### Memory and Cache

How fast can Xeon Scalable Processor chips go? To achieve the nominal peak flop/s rate, every VPU has to execute a fused multiply-add (FMA) instruction on vectors of 16 floats (= 512 bits) on every cycle. The FMA is a pipelined instruction that can effectively double the flop/s rate — but only for operations can be expressed as a multiplication followed by an addition. Under the big assumption that this can be arranged, we make the following calculation, using the pair of Skylake SKX processors in Stampede3 node as an example:

\[{48\:\text{cores}} \times 2 {\text{VPUs}\over \text{core}} \times 16 {\text{floats}\over \text{VPUs}} \times 2 {\text{flops}\over \text{cycle}} \times 2.1 {\text{Gcycle}\over \text{s}} ≈ 6450 {\text{Gflop} \over \text{s}}\]

**How fast is fast enough?** The figure that really matters to floating-point performance is the number of vectors that can be processed in each cycle. So let's put the SKX memory bandwidth numbers into context by converting them to the vectors per cycle that can be moved into and out of RAM.

The unit of data transfer between memory and cache is the cache line. Conveniently, in SKX (as well as Cascade Lake CLX), the cache line size is as the same as the vector width, 512 bits or 64 bytes, which makes our calculation easy. On Stampede3, the peak memory bandwidth for DDR4 RAM is 128 GB/s/socket, or 256 GB/s/node (see this footnote #1 for details). Therefore, the approximate number of vectors that can be processed is:

\[ {256\:\text{GB}\over\text{s}}\:\times\:{{\text{cache line}\over64\:\text{B}}\:\times\:{\text{s}\over2.1\:\text{Gcycle}}\:≈\:{1.9\:\text{vector}\over\text{cycle}}} \]

Processing close to two vectors/cycle looks great, until we remember that there are 48 cores on the SKX nodes, each of which can do 2 vector multiplies and 2 vector adds in every cycle. To feed these vector units so that each is performing a computation such as `d[i] = a[i]*b[i] + c[i]`

for vectors `a, b, c, d`

, we would need to be able to move 6 vector operands and 2 vector results from and to RAM every cycle, for all 48 cores. This would require a bandwidth of 8*48 = 384 vectors/cycle to run at full capacity, as compared to our available throughput of approximately 2 vectors/cycle.
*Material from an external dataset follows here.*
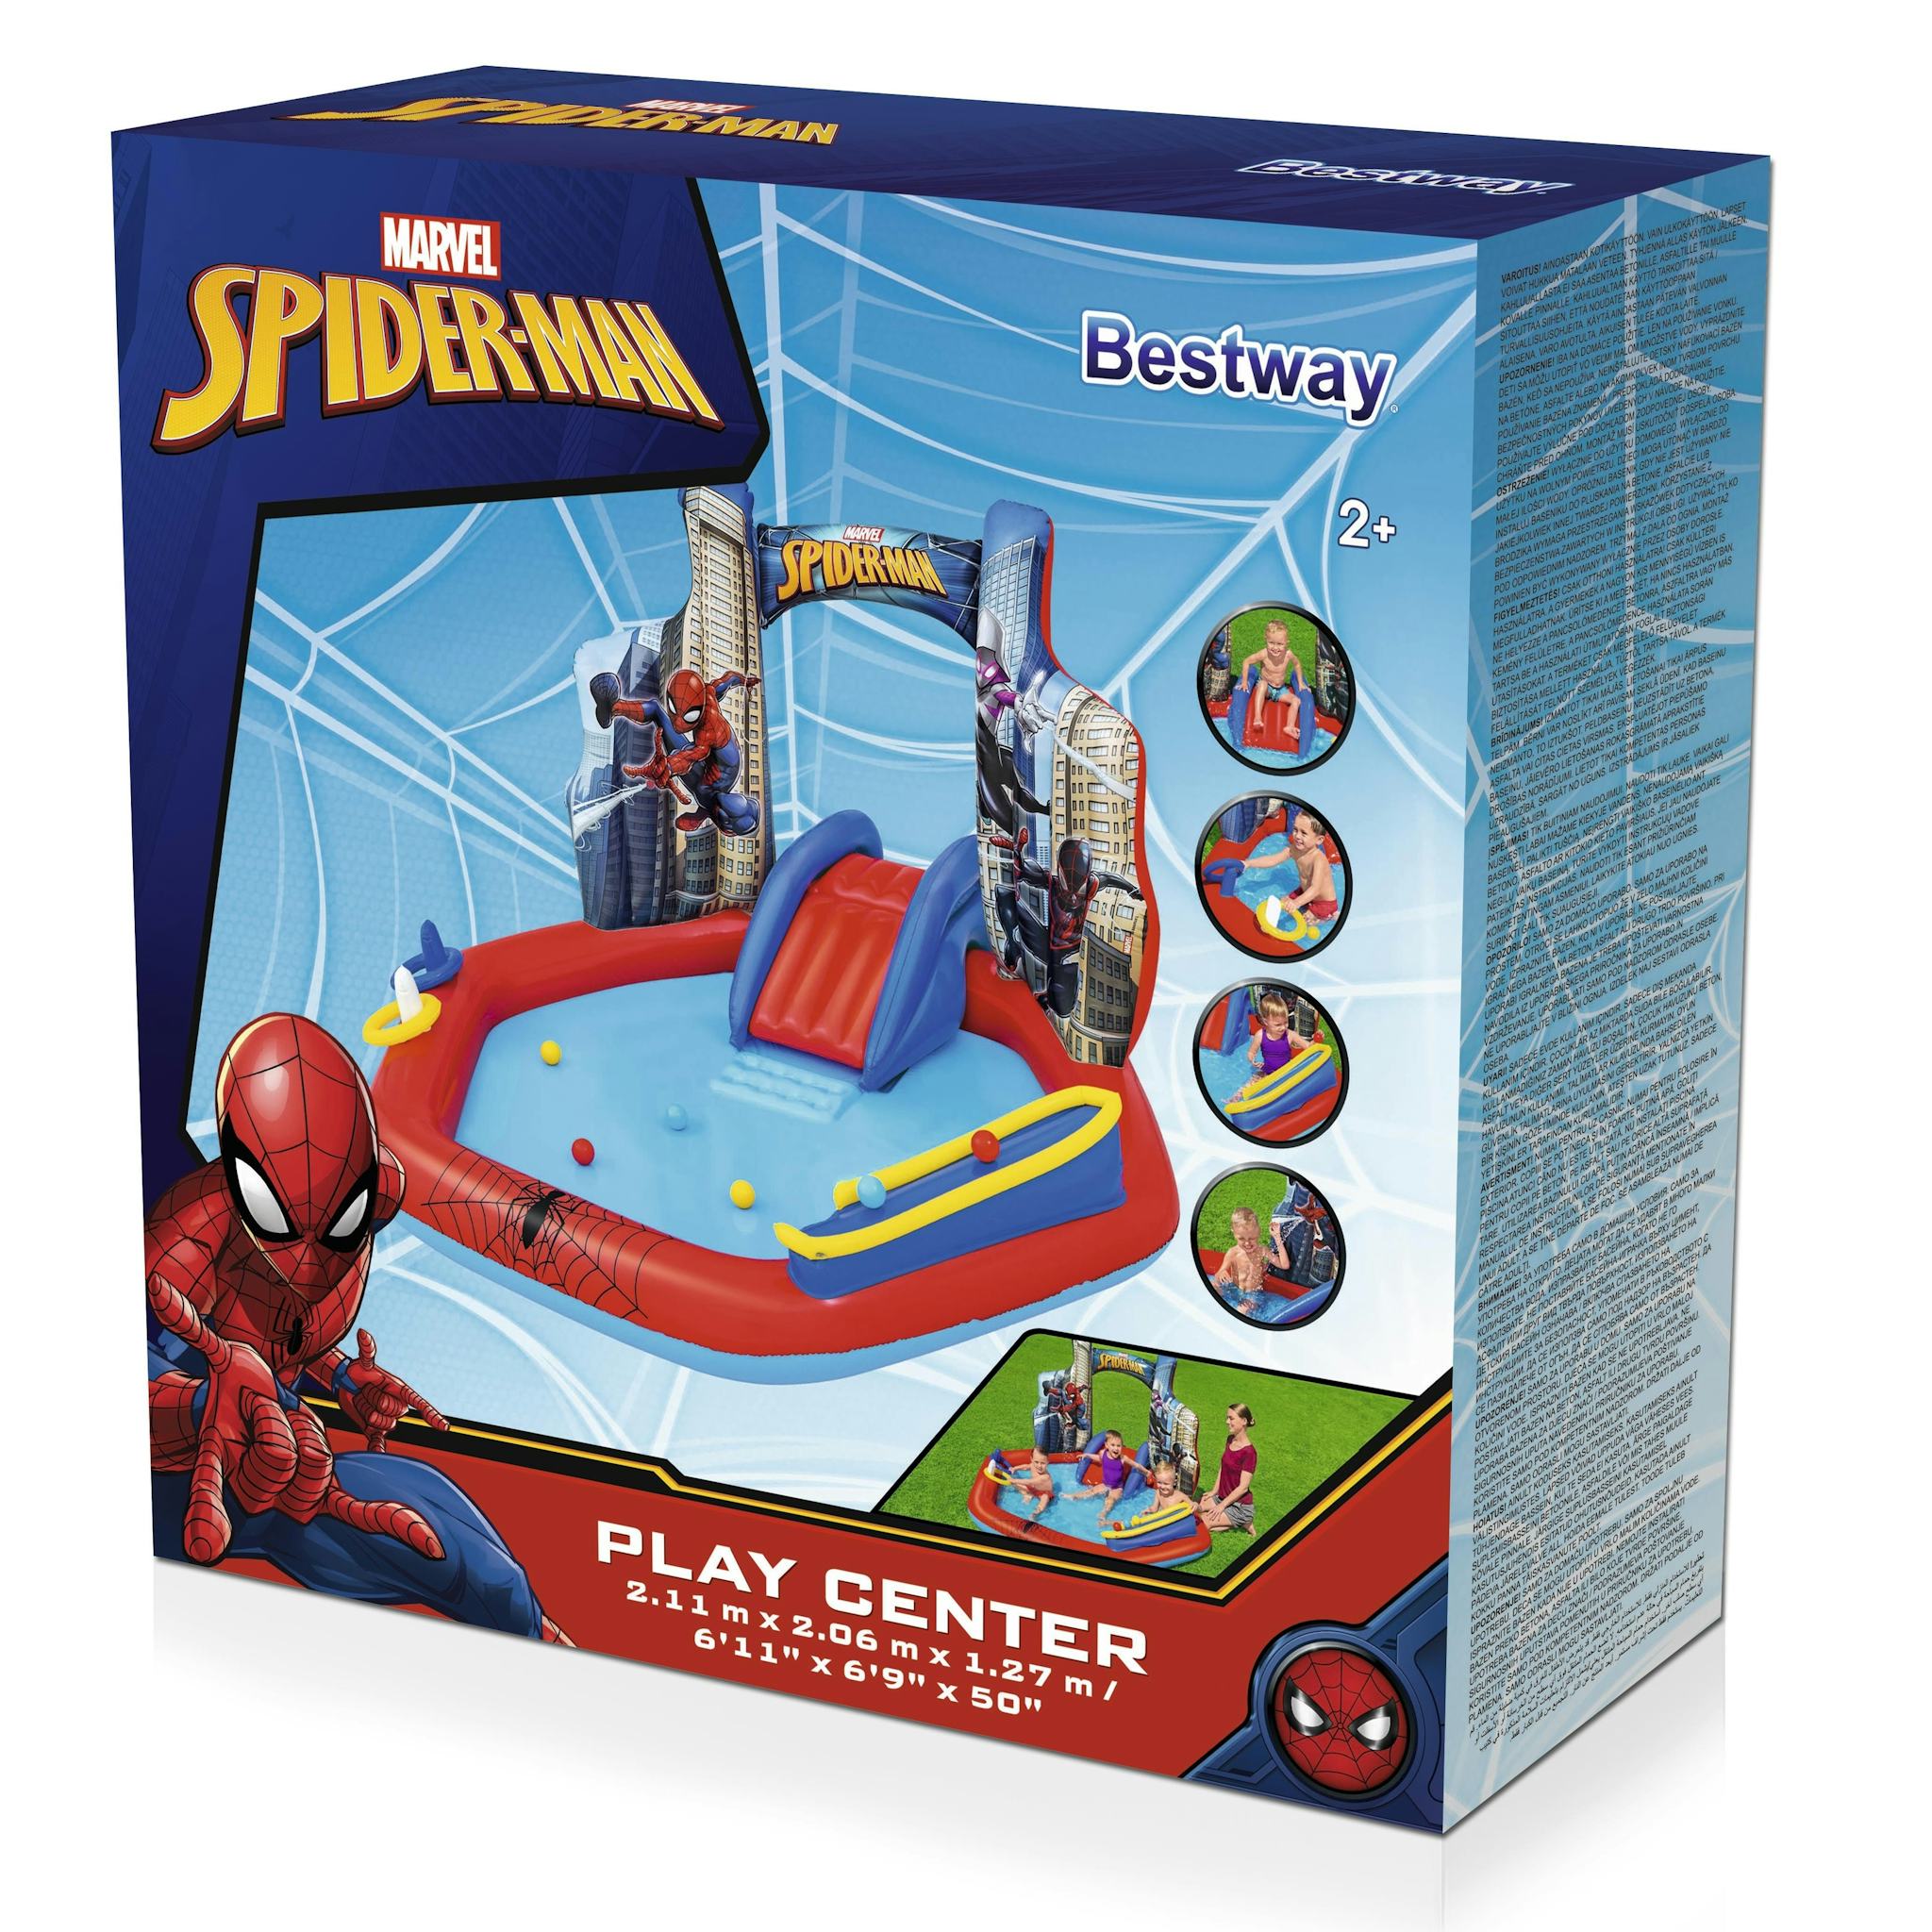 Giochi gonfiabili per bambini Playcenter gonfiabile Spider-Man Bestway 27
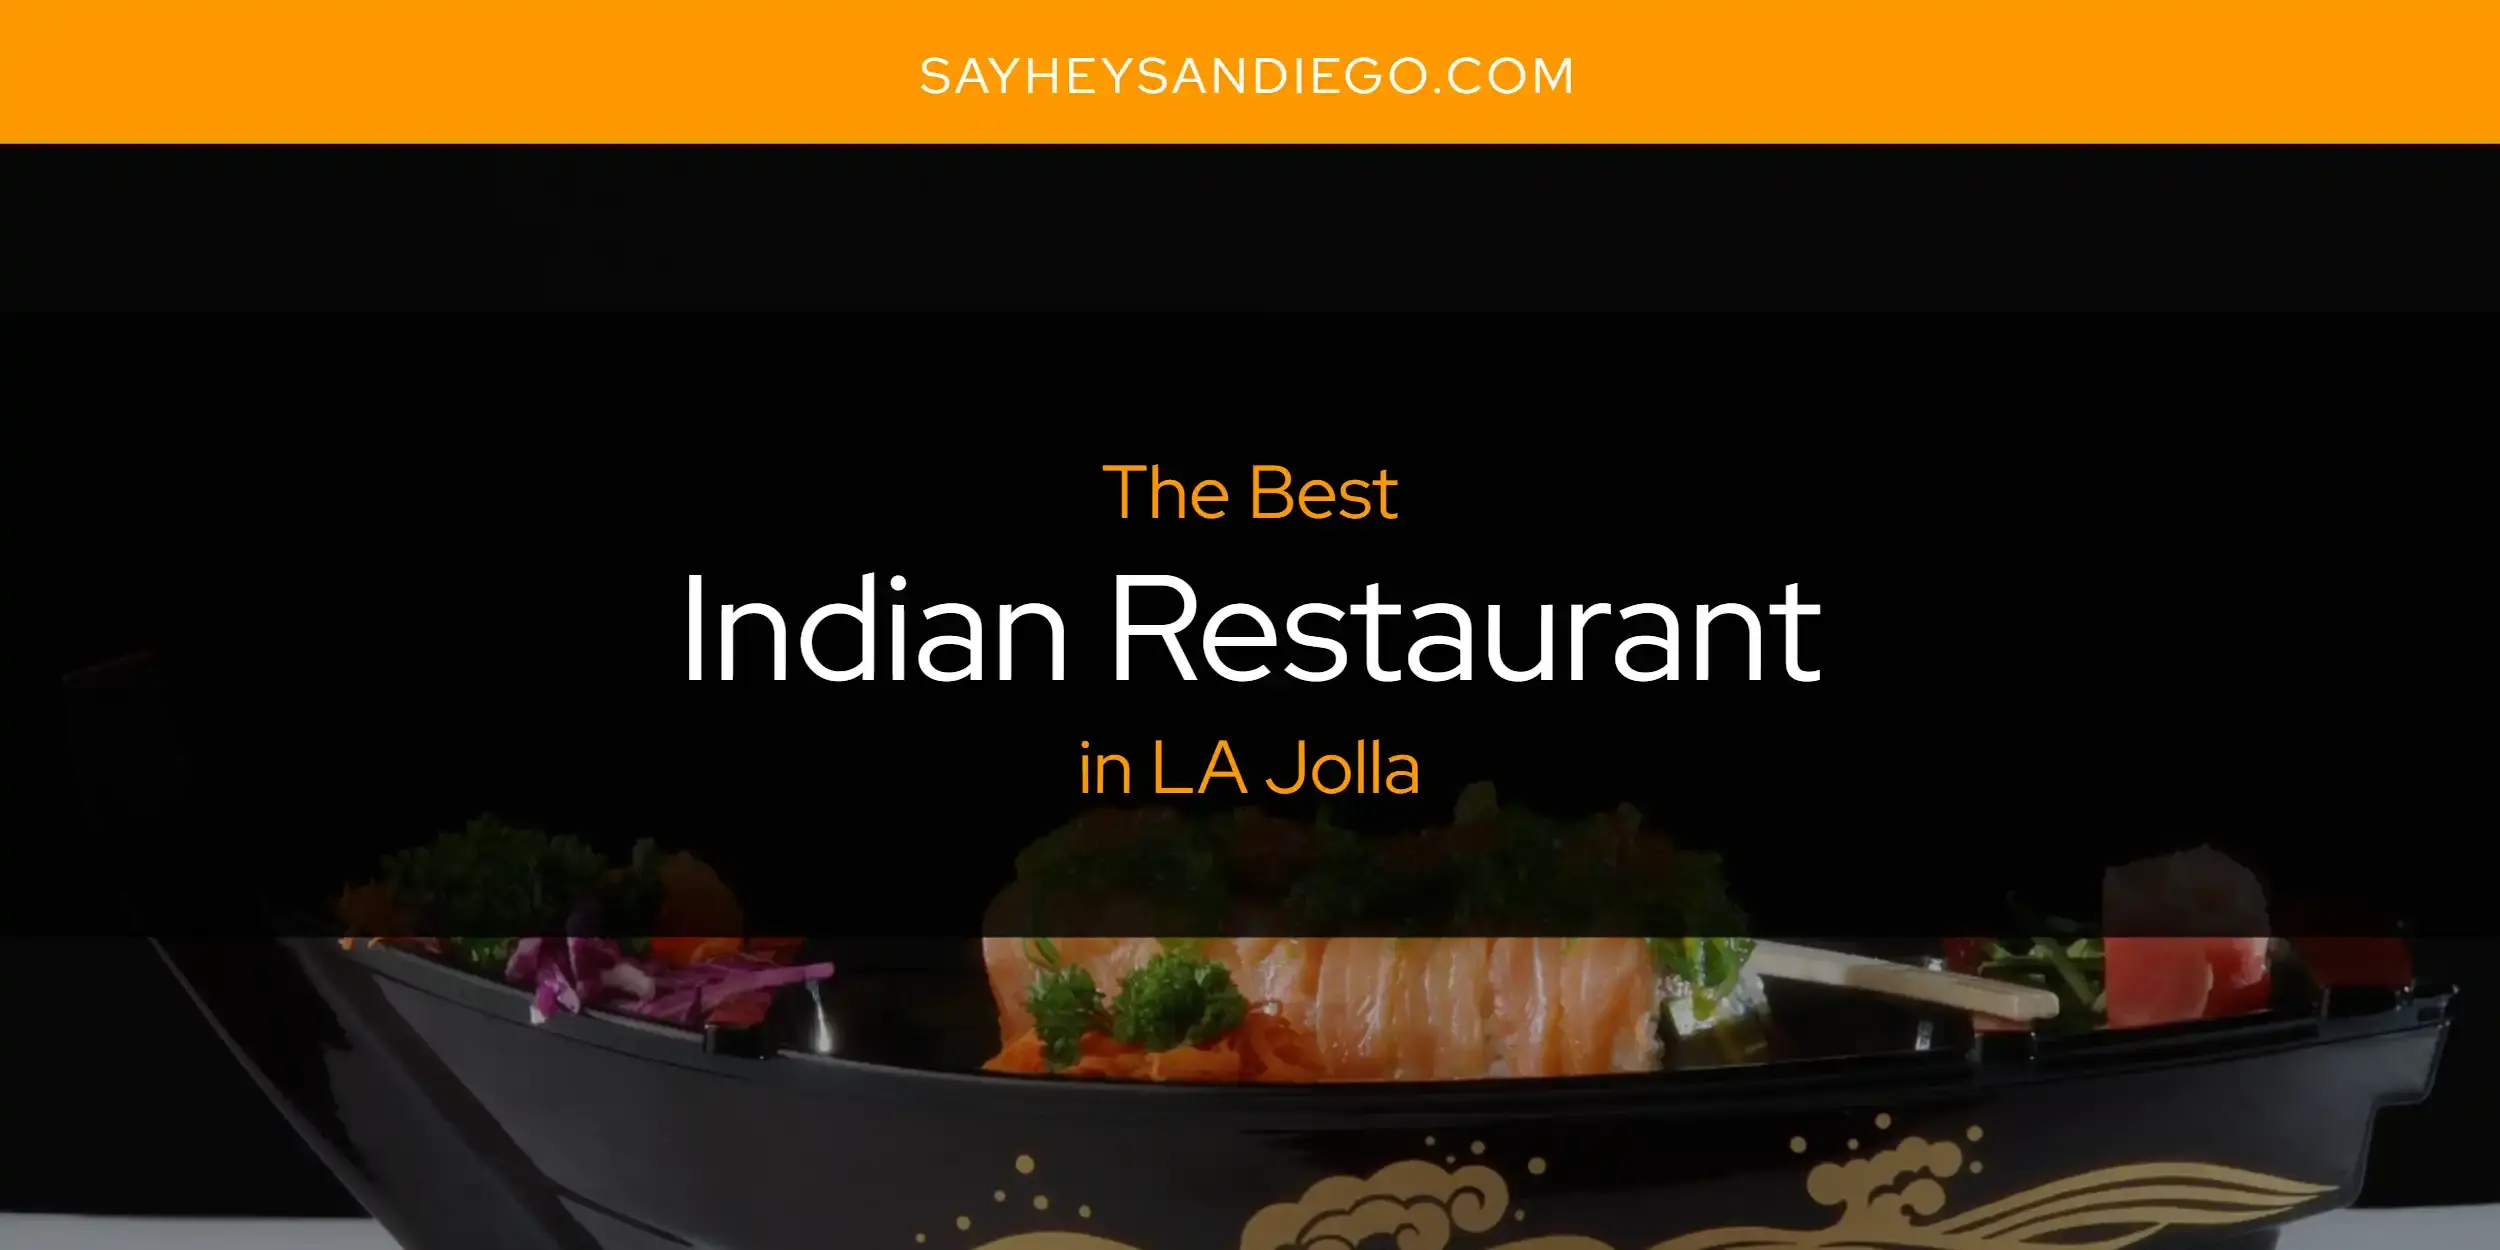 Best Indian Restaurant in LA Jolla? Here's the Top 13

In practice, we don't need that much memory bandwidth. Some vectors of data will simply stay in registers while a computation is in progress. Most other vectors will be fetched from, or stored into, cache memory—the fast levels of memory that sit between the registers and RAM.

**Thus cache is important too!** Achieving the peak flop/s rate in SKX/CLX (like any processor) depends critically on a code's ability to reuse vectors that are already close to the cores—in registers, or in the L1d cache, or in the private L2 caches. Keeping the active data near the cores is what really makes the whole chip hum:

\[ \text{Local L1d cache:}\:\:\: {{{2\:\text{vector reads}\:+\:1\:\text{vector write}}\over{\text{cycles}\over\textbf{core}}}\:=\:{{3\:\text{vectors}\over{\text{cycles}\over\textbf{core}}}}} \]

\[ \text{Local L2 cache:}\:\:\: {{{1\:\text{vector read}\:+\:0.5\:\text{vector write}}\over{\text{cycles}\over\textbf{core}}}\:=\:{{1.5\:\text{vectors}\over{\text{cycles}\over\textbf{core}}}}} \]

The tradeoff is that these areas of memory are relatively small. The L1 data cache contains only 512 cache lines (or vectors) for a total of 32 KB per core for both SKX and CLX, yielding an aggregate of 1.5 MB for all 48 cores on a Stampede3 SKX node, or 1.8 MB on the 56 cores of a Frontera CLX node. The larger L2 cache engineered into the Xeon Scalable Processors (1 MB per core) results in 48 MB of L2 cache on each SKX node (24 MB per socket), and 56 MB on each CLX node (28 MB per socket). These numbers are also reproduced in our summary table on Xeon Scalable Processors at TACC.